Curiously, stepping back into the present for a moment as I write this, I find those four descriptions for the dances that day quite distinctive, and they do a good job of taking me back to that improvised event. Recently (in 2022) I have often found myself struggling to clearly define the dances each day, and I almost take my ability to articulate labels for each dance as a measure for their success or at least of my level of engagement with each one. So, by my current criteria, I would possibly judge that session less harshly than how I did a year ago? Not that I am disregarding my past experience, but it’s interesting to see how the process can circle around.

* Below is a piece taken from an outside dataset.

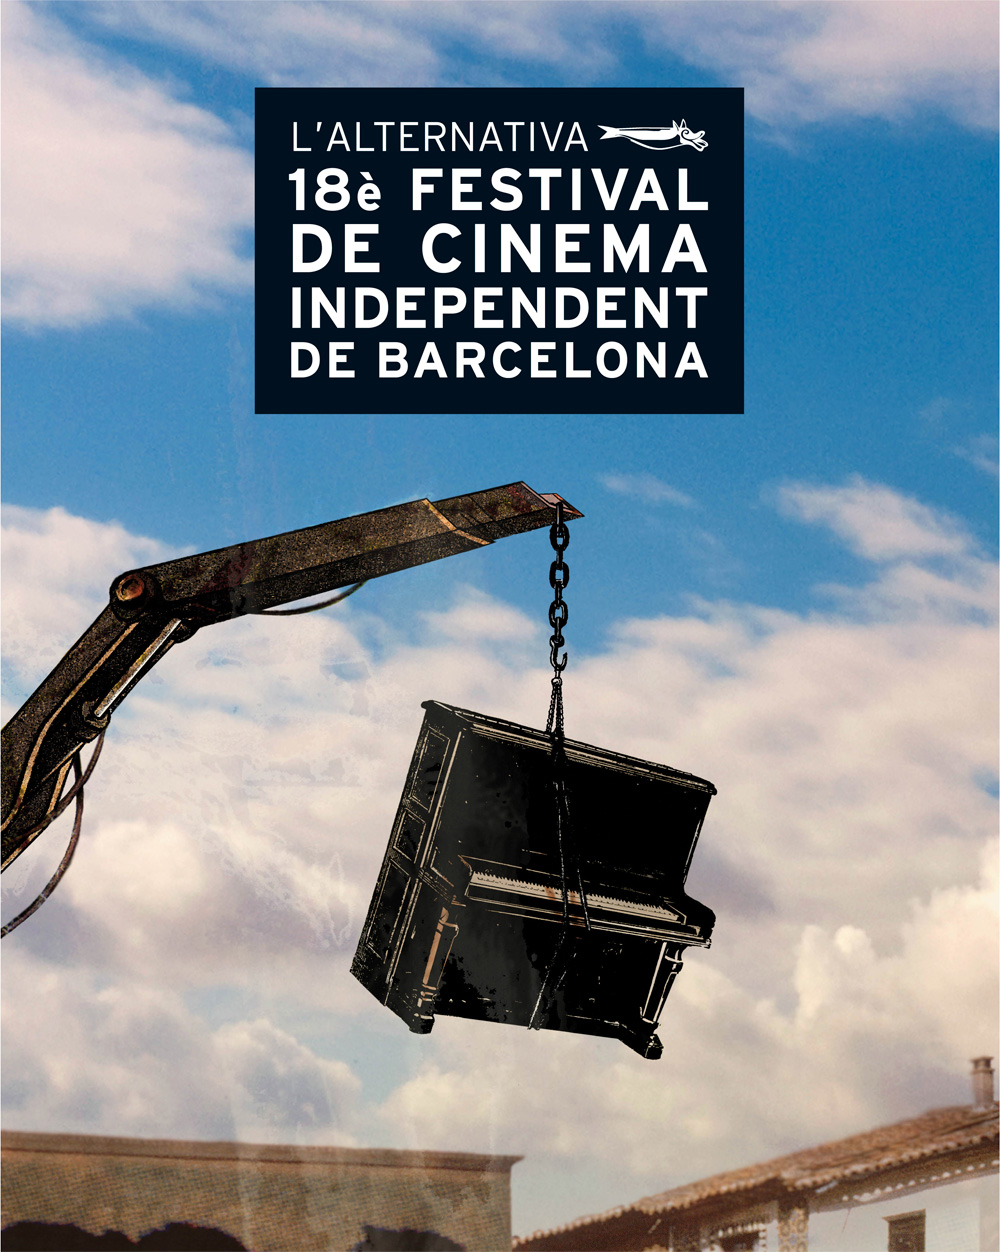 18è festival de cinema independent de Barcelona l'Alternativa

Looking back, it’s not surprising that I struggled to find focus that week. I was coming to realise that scheduling time to come into the studio was not enough to fulfill my goals for the project. I needed to find time outside the studio for reflecting, planning, and documenting. I remember thinking: if I am bothering to film my studio sessions, I also need to be putting the footage to use – whether reflecting and feeding directly back into the practice or editing and sharing it as documentation. ‘Do something!’ was the underlined instruction to myself. I felt like I needed an accountability system to get my accountability system up and running!
This project was starting to make its presence felt in my life. If I was going to give it the attention it deserved, then something had to give, priorities needed to be assessed. I started having some very serious thoughts about pulling back on my teaching work (gasp!), turning away some of the steady income in favour of time, physical energy, and creative energy. It was a scary prospect.
By the end of this week, I had bit the bullet and decided to build a website. This would be my platform for documentation.